##### DATA SHOWN
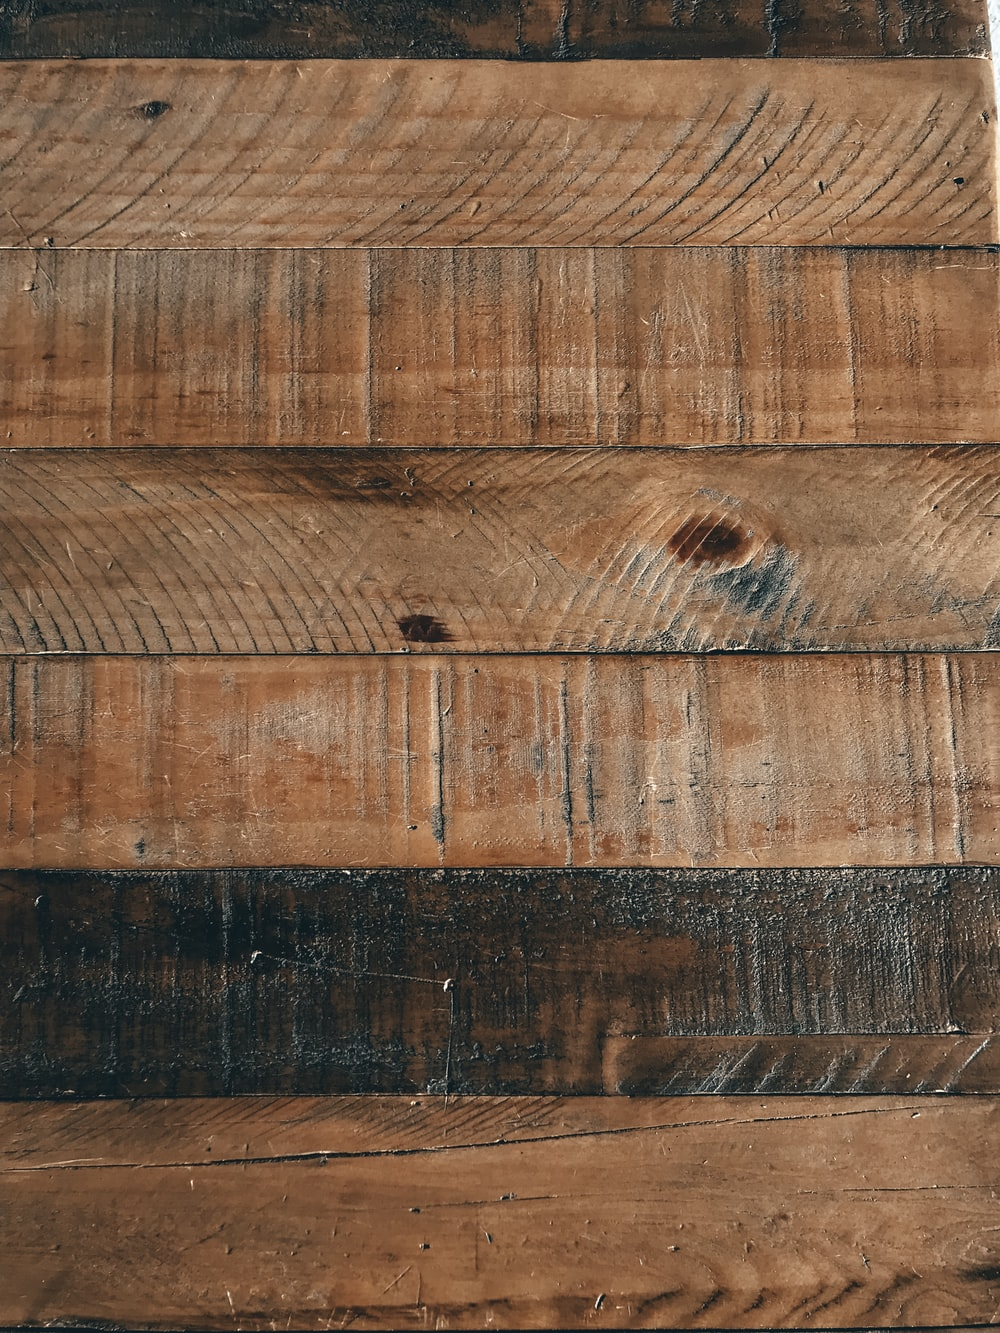 Wood Hardwood Lumber And Plywood Hd Photo By Jan
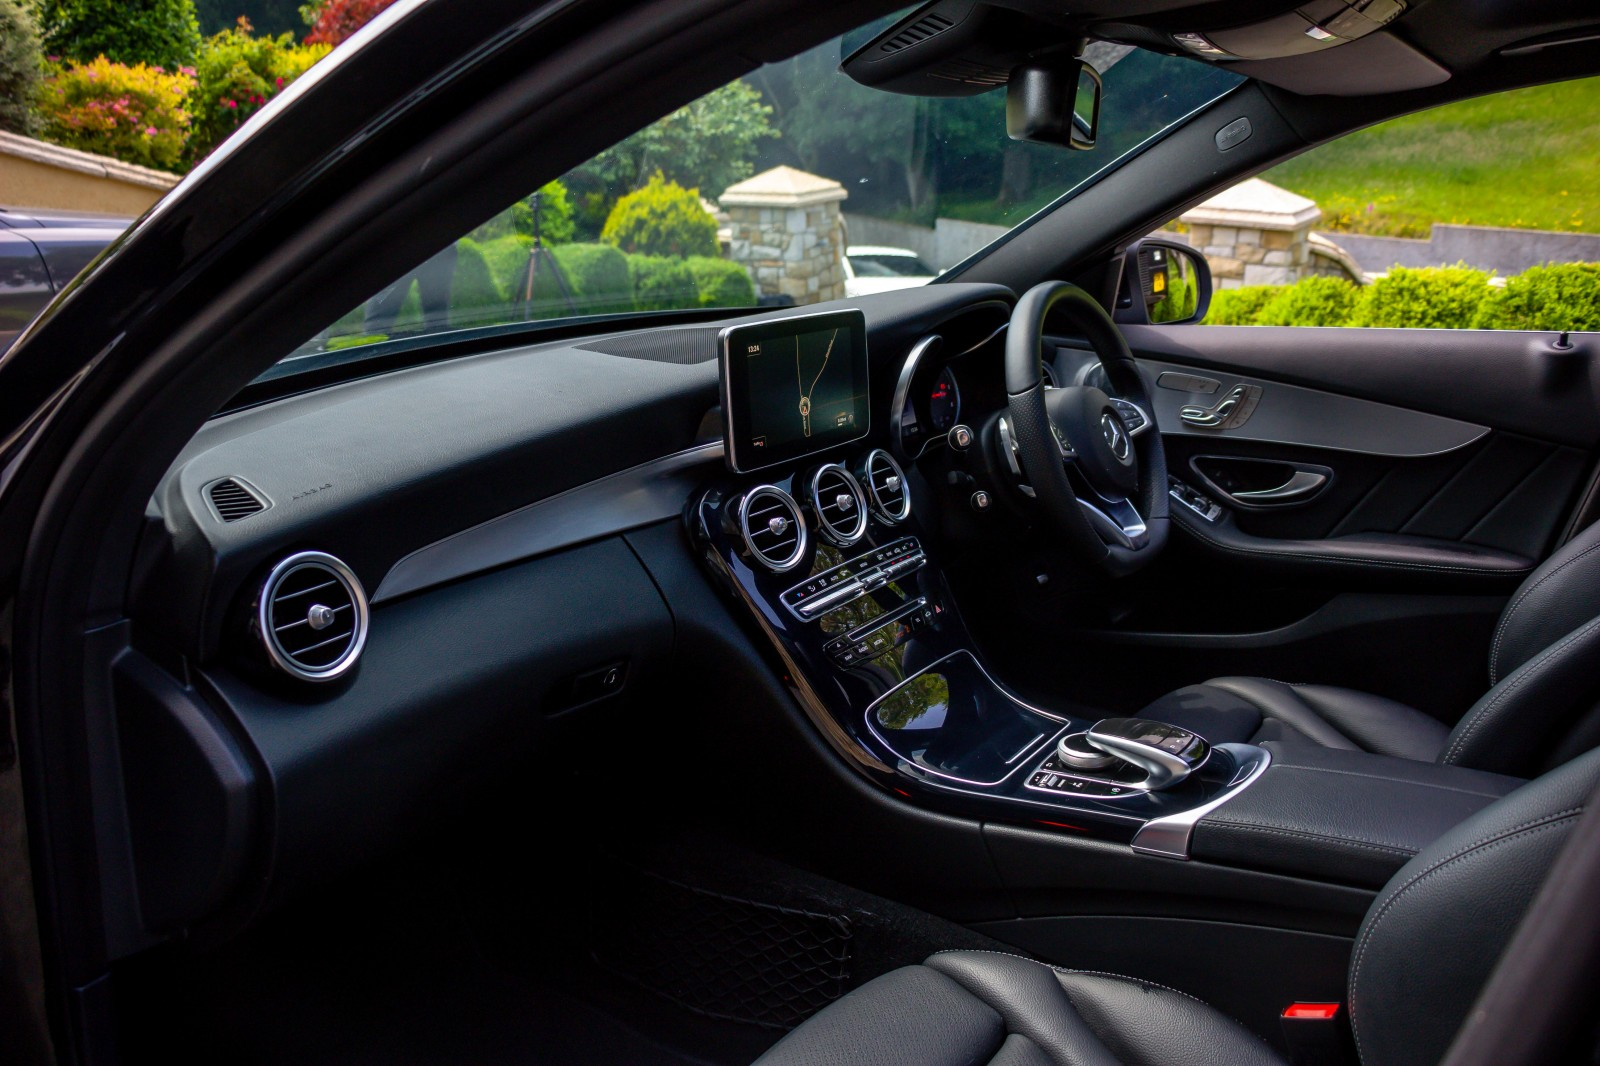 2017 Mercedes-Benz C Class C 250 D 4MATIC AMG LINE PREMIUM PLUS Diesel Automatic – Morgan Cars 9 Mound Road, Warrenpoint, Newry BT34 3LW, UK full
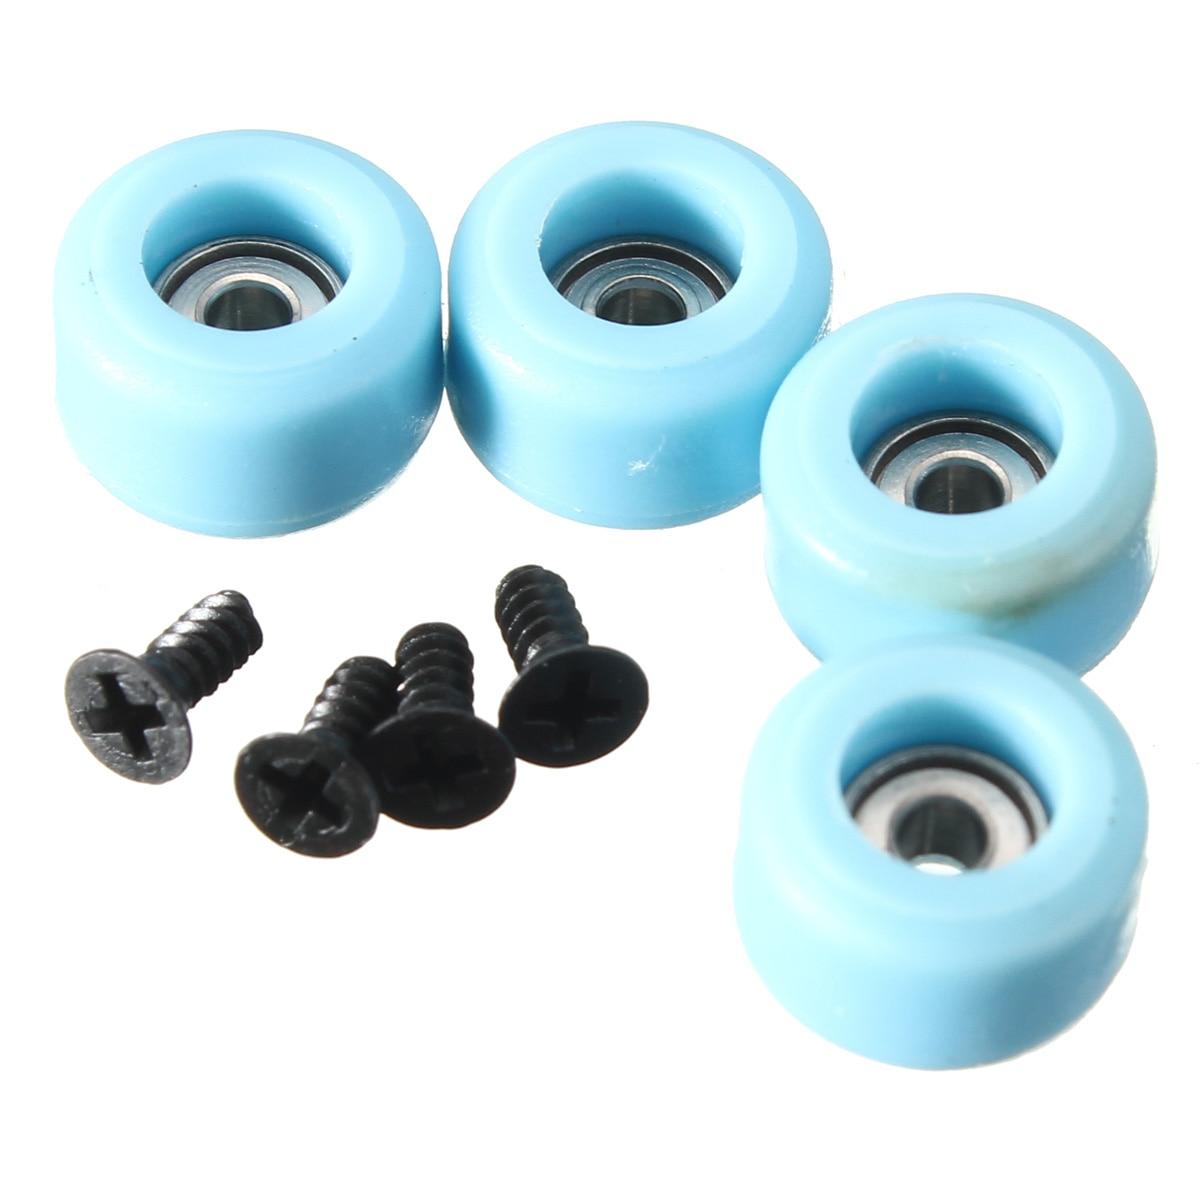 JIMITU 4 Pcs/Set Professional Urethane CNC Bearing Wheels For Wooden Fingerboard
##########
▶ [TRY IT]:
In the copy, no pictures are to appear; write out exactly the lines from the one containing "2017 Mercedes-Benz C" through the end of the listing above and no further lines.

▶ [ANSWER BELOW]:
 2017 Mercedes-Benz C Class C 250 D 4MATIC AMG LINE PREMIUM PLUS Diesel Automatic – Morgan Cars 9 Mound Road, Warrenpoint, Newry BT34 3LW, UK full
 JIMITU 4 Pcs/Set Professional Urethane CNC Bearing Wheels For Wooden Fingerboard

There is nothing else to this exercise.